Escutava papai gritando com a mamãe e me encolhia na cama toda vez, depois os paços da mamãe subindo as escadas rapidamente, então a porta do meu quarto foi aberta.

— Venha, querida — mamãe me chamou, o Bernardo segurava a mão dela. — Seu tio Ângelo vai chegar logo, logo.

Arregalei os olhos e senti meu coração disparando, sabia muito bem o que aconteceria. Peguei a mão da mamãe e nós descemos as escadas, ela abriu a porta do armário que deveria ser usado para guardar coisas de limpeza, mas mamãe nos escondia lá toda vez que o tio, irmão do papai, ia lá pra casa. Lembro que mamãe sorriu e nos beijou, nos cobriu com o cobertor que ela já tinha colocado lá dentro, assim como algumas almofadas, e depois saiu fechando o armário e trancando. Bernardo me olhava triste, eu sorria pra ele e oferecia biscoito que mamãe tinha me dado antes de entrarmos, sabia que iriamos acabar de come-los antes que saíssemos de dentro do lugar e ficaríamos com fome o resto do tempo que permanecêssemos ali.

Não demorou para que a voz do tio Armand fosse ouvida, papai falava com ele e riam juntos.

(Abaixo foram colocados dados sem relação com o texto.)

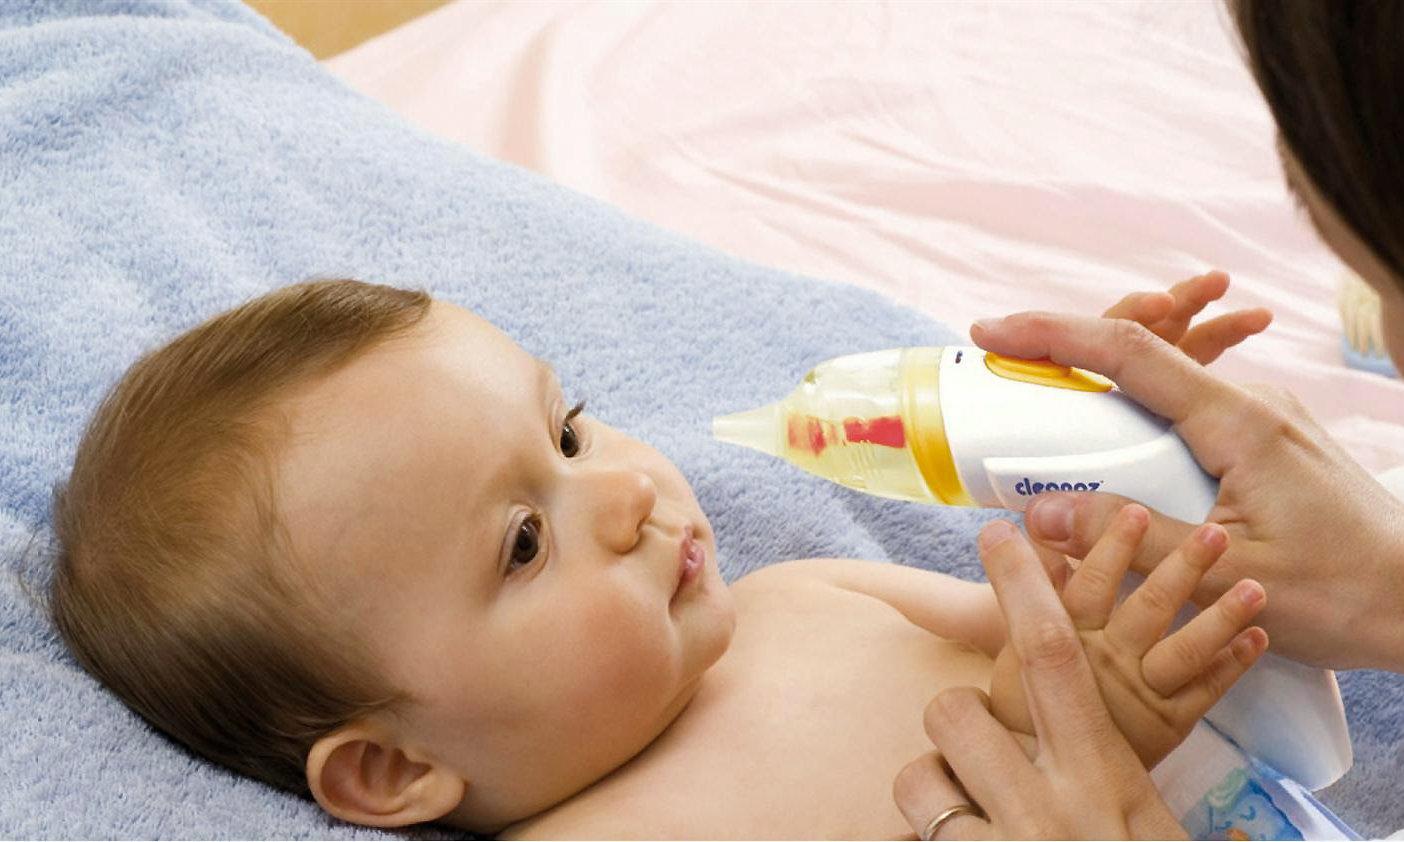 чем капать нос новорожденному от насморка вакцинация

Bernardo e eu dormimos, sempre era assim, mas chegava uma hora que éramos acordados pelos gritos de mamãe. Eu sabia que eles a machucavam, mamãe sempre voltava pra nos buscar toda machucada. As vezes ela andava torta, tinha cortes no corpo e rosto, ou estava inchada de pancadas. Mamãe sempre dizia estar bem, mas sempre era mentira. Bernardo me abraçava e eu tampava seus​ ouvidos​ para ele não escutar. Papai gritava xingamentos feios assim como seu irmão, o tio Armand. Esse não era o nome dele de verdade, eu sabia, pelo menos não o primeiro nome. Papai sempre o chamava pelo primeiro nome. Ângelo. Mas de anjo ele nunca teve nada. Eu o odiava. Sempre que me via, quando papai nos levava até a casa dele, tio Armand ficava falando coisas nojentas pra mim. Dizia que eu seria dele em algum momento, que eu era sua sobrinha preferida. Mas eu era a única sobrinha dele. Ele também passava a mão em mim, era nojento, eu odiava ir na casa dele. Sua mulher não fazia nada, só ficava rindo e olhando ele fazer aquilo. O nome dela era Bárbara. Eu a achava bonita. Ela era muito bonita. A cor da sua pele era mais clara que a minha, era morena. Seus olhos eram mais claro que os meus, eram verdes. Seu corpo era de mulher adulta. Bonita com os cabelos escuros lisos. Eu poderia gostar dela se ela impedisse o tio de me tocar, mas ela nunca fez. Eu nunca soube se papai e o titio a machucavam como faziam com a mamãe. Mas eu achava que não, nunca tinha escutado ela gritando quando estávamos lá.

Quando não conseguíamos escutar mais os gritos, eu ficava preocupada e ao mesmo tempo aliviada. Preocupada por ter acontecido algo com mamãe. E aliviada por ela não estar mais com dor. Mas ela só não estava mais gritando, talvez mesmo assim ainda sentisse dor. Eu achava que sim.

Não sei se os vizinhos também escutavam, mas ninguém nunca fez nada. Ninguém nunca ajudou mamãe e nós.

Uma vez na escola, alguns homens da polícia foram lá conversar com os alunos. Eles deram palestras. Eu fui a única interessada, eles falaram sobre os papais baterem nas mamães. Disseram que era errado. Eu falei com um deles. Ele era chamado de Silva, era um policial legal. Ele me disse que se alguma coisa tivesse acontecendo na minha casa, eu deveria ligar para o número 190 e pedir ajuda. Isso nunca mais saiu daqui minha cabeça. Mas quando eu liguei, aproveitando que papai estava trabalhando e mamãe dormindo, uma mulher me atendeu e ficou brava dizendo que não iria cair naquela brincadeira. Eu fiquei triste. O policial Silva disse que eles iriam me ajudar, disse que os policias eram amigos.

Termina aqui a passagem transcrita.